Another security question

pianoparadise

Is it a good idea to store the username and password used to connect to a database in another file instead of the same .php file that connects to that database? What are the risks of not doing so?

laserlight

Is it a good idea to store the username and password used to connect to a database in another file instead of the same .php file that connects to that database?

Yes, in a file above/outside of the document root directory (your web directory, basically).

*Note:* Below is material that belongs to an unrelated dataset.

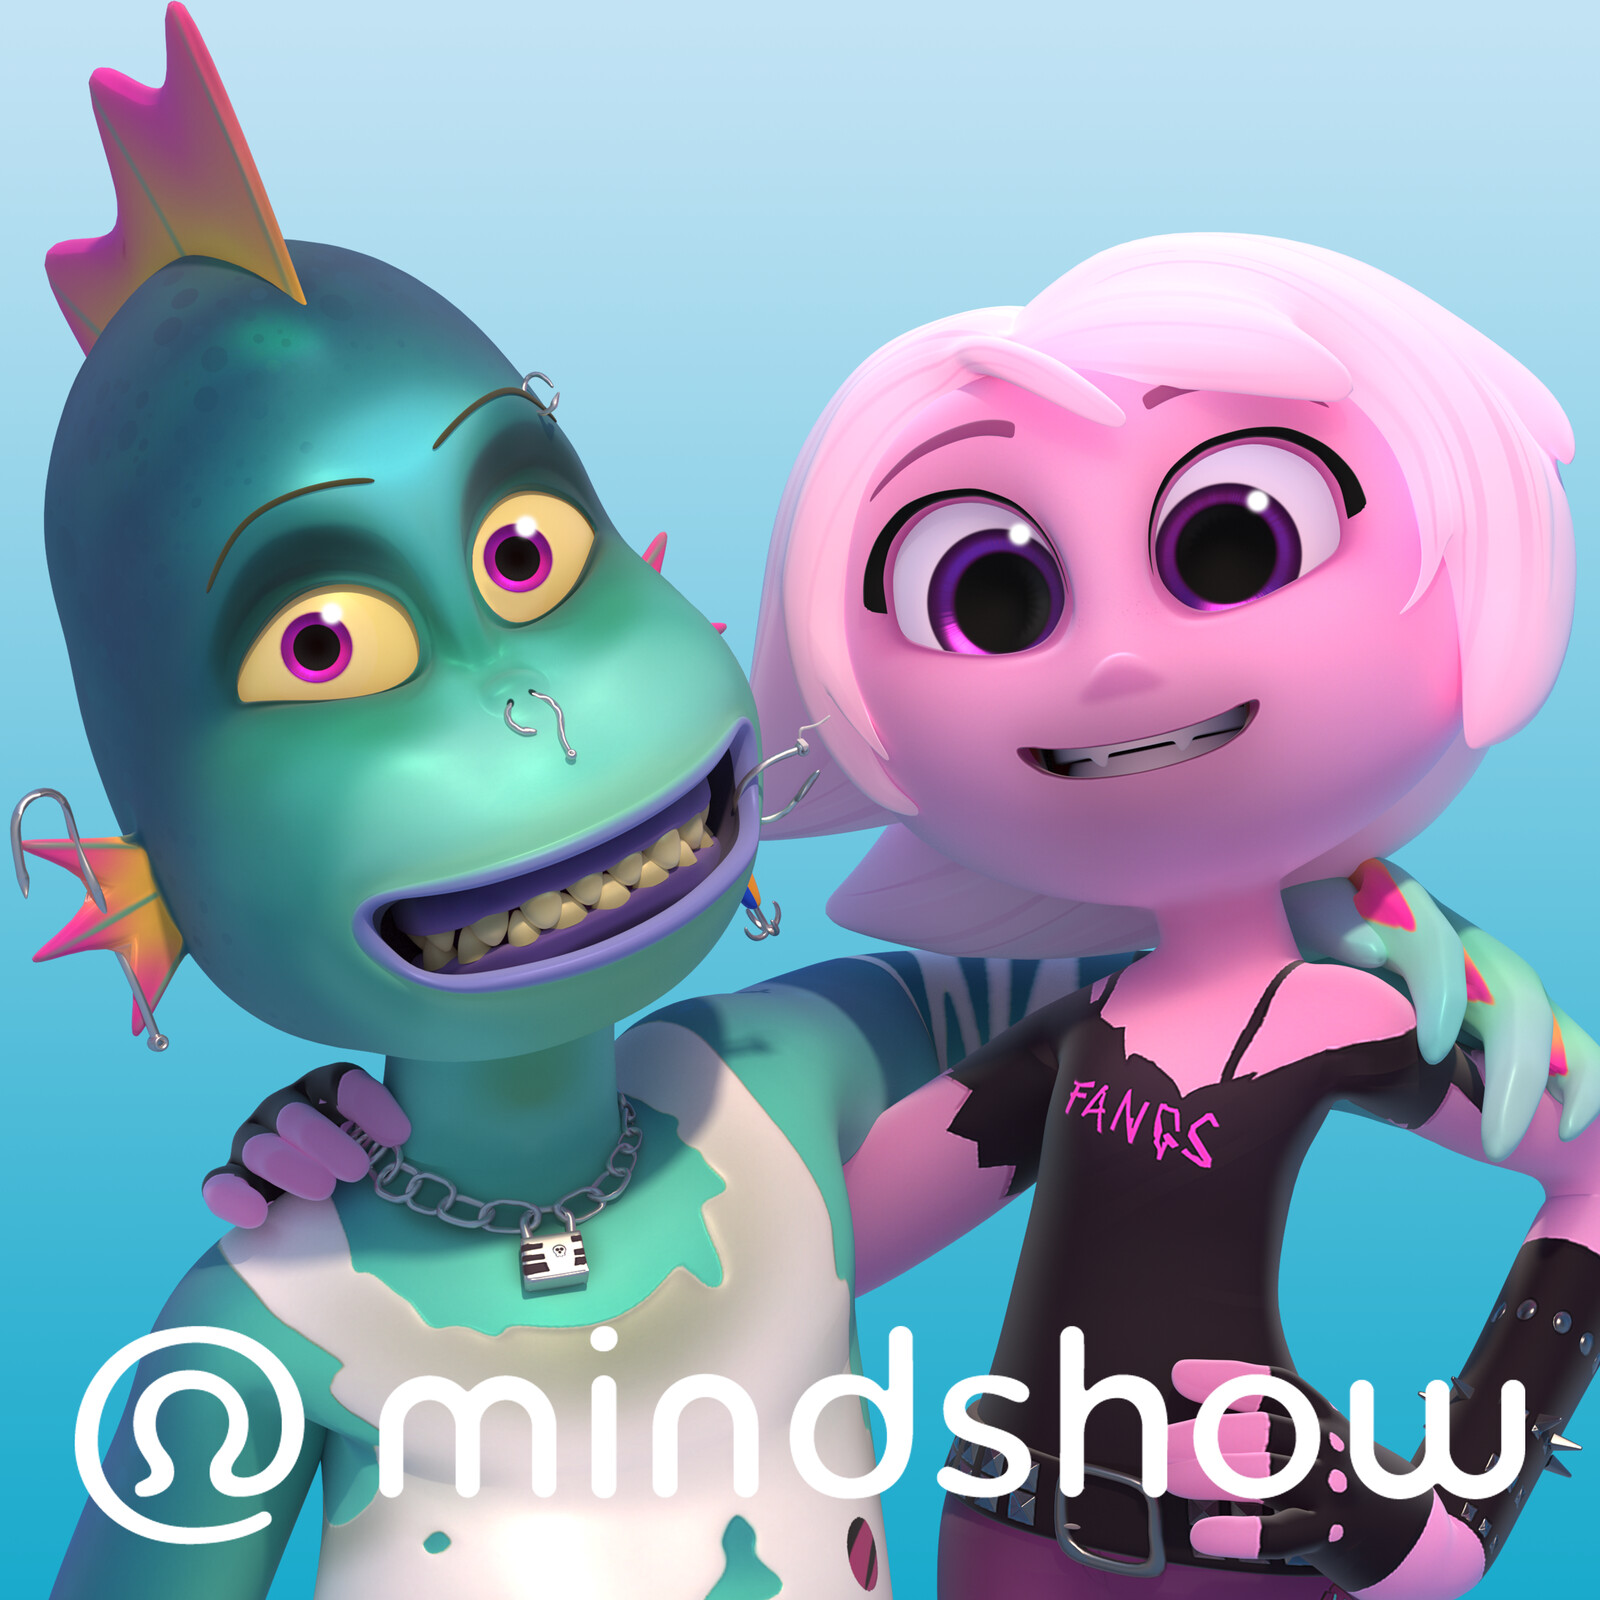 Mindshow VR - Characters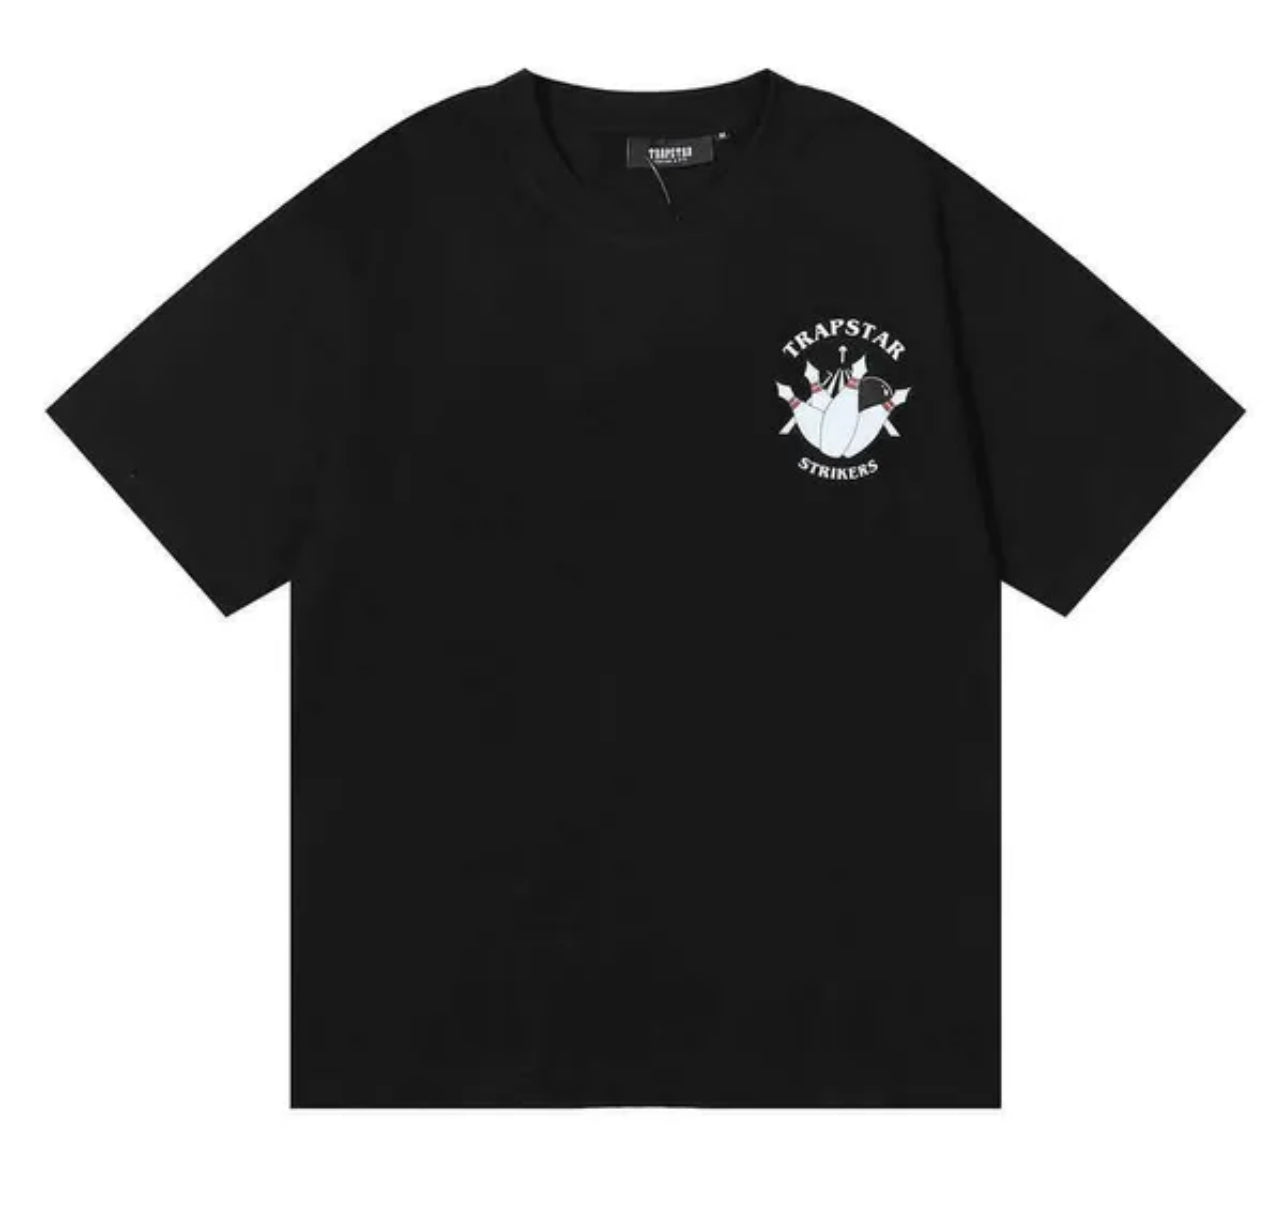 Trapstar Strikers T-Shirt

What are the risks of not doing so?

If for some reason the PHP interpreter fails to parse your PHP script and the PHP source code is displayed to the client, your database account credentials would be displayed to the user.

pianoparadise

I see now. But wouldn't the php source code also display the location of the include file?

laserlight

But wouldn't the php source code also display the location of the include file?

Now, suppose that the user decided to check what that include file contained...

If that file was not in the document root, the user would not be able to access it even with the failure of the PHP interpreter.

pianoparadise

I think I understand what you are saying now. I just don't understand where I should store this include file, if not my root directory (my web directory on my web host).

laserlight

I just don't understand where I should store this include file, if not my root directory (my web directory on my web host).

Some shared hosts do not allow you the place files outside of your document root (sometimes called "non-web space"). Those that do may have a document_root or public_html directory that is your document root, upon which you can just place this include file in the directory that contains your document root.

pianoparadise

So I would put the include file directly above the public_html directory? How would the link to it look in my php script, if the actual page it is referenced from is two folders down the line?

I know I'd use the require function, I just don't know what the info.inc should be replaced with.
require('info.inc');

laserlight

How would the link to it look in my php script, if the actual page it is referenced from is two folders down the line?

Something like:

require $_SERVER['DOCUMENT_ROOT'] . '/../database.php';

If you did not already know, the '..' means "parent directory".